At Peregrine, the CEO simply cooked the books by forging bank statements.  According to the suicide note, he was the only person who handled the bank statements, so he just Photo-Shopped forgeries for two decades, and the CFTC bought it hook, line and sinker.  Apparently, no one thought to ask whether there were any checks and balances in the company’s banking and bookkeeping systems.

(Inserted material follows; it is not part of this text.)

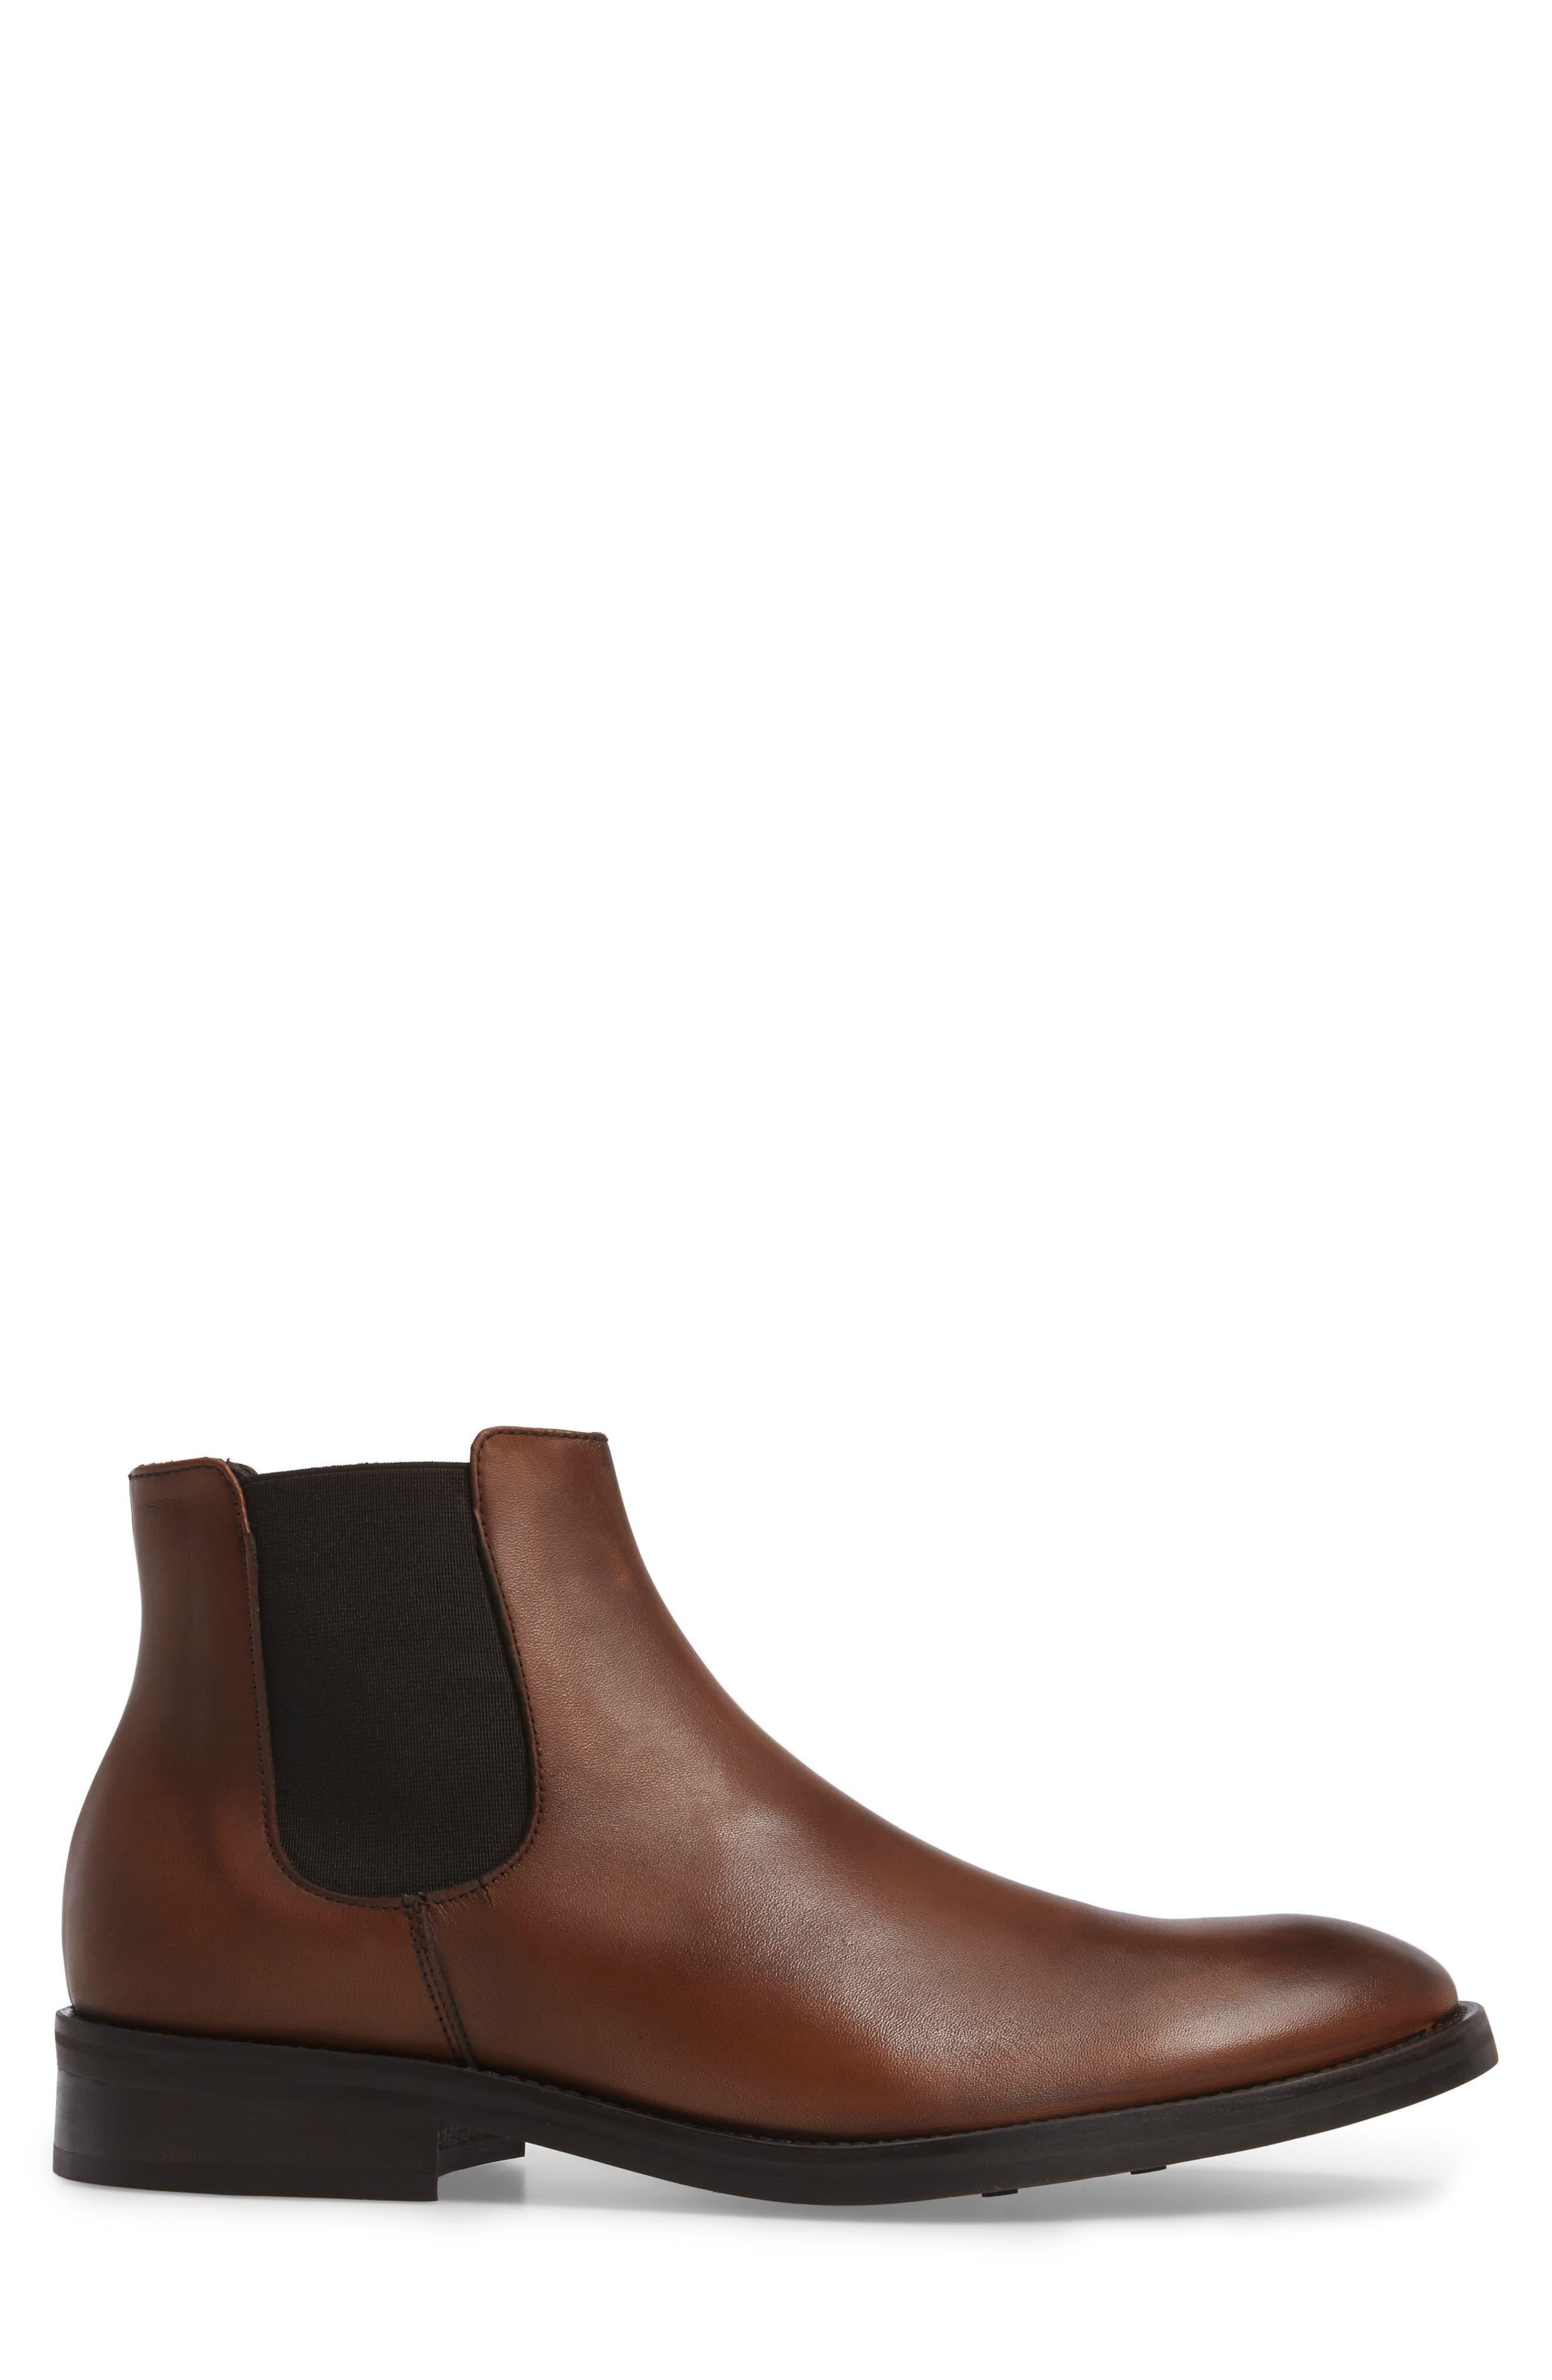 Finn Chelsea Boot,                             Alternate thumbnail 9, color,

And the final indignity came last month in the form of an Oregon Court of Appeals ruling in the Niday case.  MERS got handed its head on a platter.  This was the first Oregon appellate court to rule on whether MERS could legally be named as a “Beneficiary” in borrowers’ trust deeds. The judge took one look at ORS 86.705(2) and said “No” – you can’t be a beneficiary if you don’t receive a “benefit.”  She also said that ORS 86.735(1) means what it says, i.e. all assignments of the trust deed must be recorded before we can complete a non-judicial foreclosure. But she didn’t stop there.  She added that not only does the statute require the recording of “formal” written assignments, but also those occurring by “operation of law” i.e. when the promissory note is indorsed.  So you know what’s happened? Non-judicial foreclosures have come to a screeching halt.  No new filings. Radio silence. The Big Banks are just trying to figure out what to do next.  It’s eerie – everything was going so well; we recorded our MERS assignments of trust deeds, argued that this satisfied ORS 86.735(1) and figured the Oregon appellate judges would buy it. Well they didn’t. I’m starting to think that with all the Big Bank BS happening, everyone is just piling on, figuring that we deserve all the bad things that happen to us.  And maybe we do.”

Her:   “Some folks might say it’s ‘karma’ – a sort of divine justice that takes over when real justice fails. So, what now?  Are you going to quit?  You said you thought you might be growing a conscious – that’s not permitted when you represent Big Banks.  They told you that during your first day at the firm.  “It makes you soft,” they said, “and you wouldn’t enjoy the drama that comes with kicking families out of their homes.  Zombie lawyers for zombie banks.” 

Him: “I really don’t know.  Except I can’t help but think that all of the attorneys representing the Little Guy are out celebrating the Niday ruling, happy that they smacked down MERS.  They relish the David and Goliath battle. What happens when we win a case?  The Big Banks don’t appreciate it – they expect it.  After all, we are Goliath.  But if we win a case, we can’t all go out to the neighborhood bar and toast our victory in kicking another family out of their home. We’d be tarred and feathered.  The problem at our firm is that we get so hung up on the legal issues that we overlook the human issues.  I’m kinda envious of the attorneys representing the Little Guy. Every foot they move the ball downfield is a victory to them.  It makes them work harder, even if they’re serving pro bono. And most important – all their clients love them….” [To be continued.]


[1] According to the Office of Comptroller of the Currency (“OCC”) a “Suspicious Activity Report” is a report that national banks are required to file if they suspect a transaction involves money laundering or violates the Bank Secrecy Act. See, 12 CFR 21.11.

[2] HBCS’s American banking operation.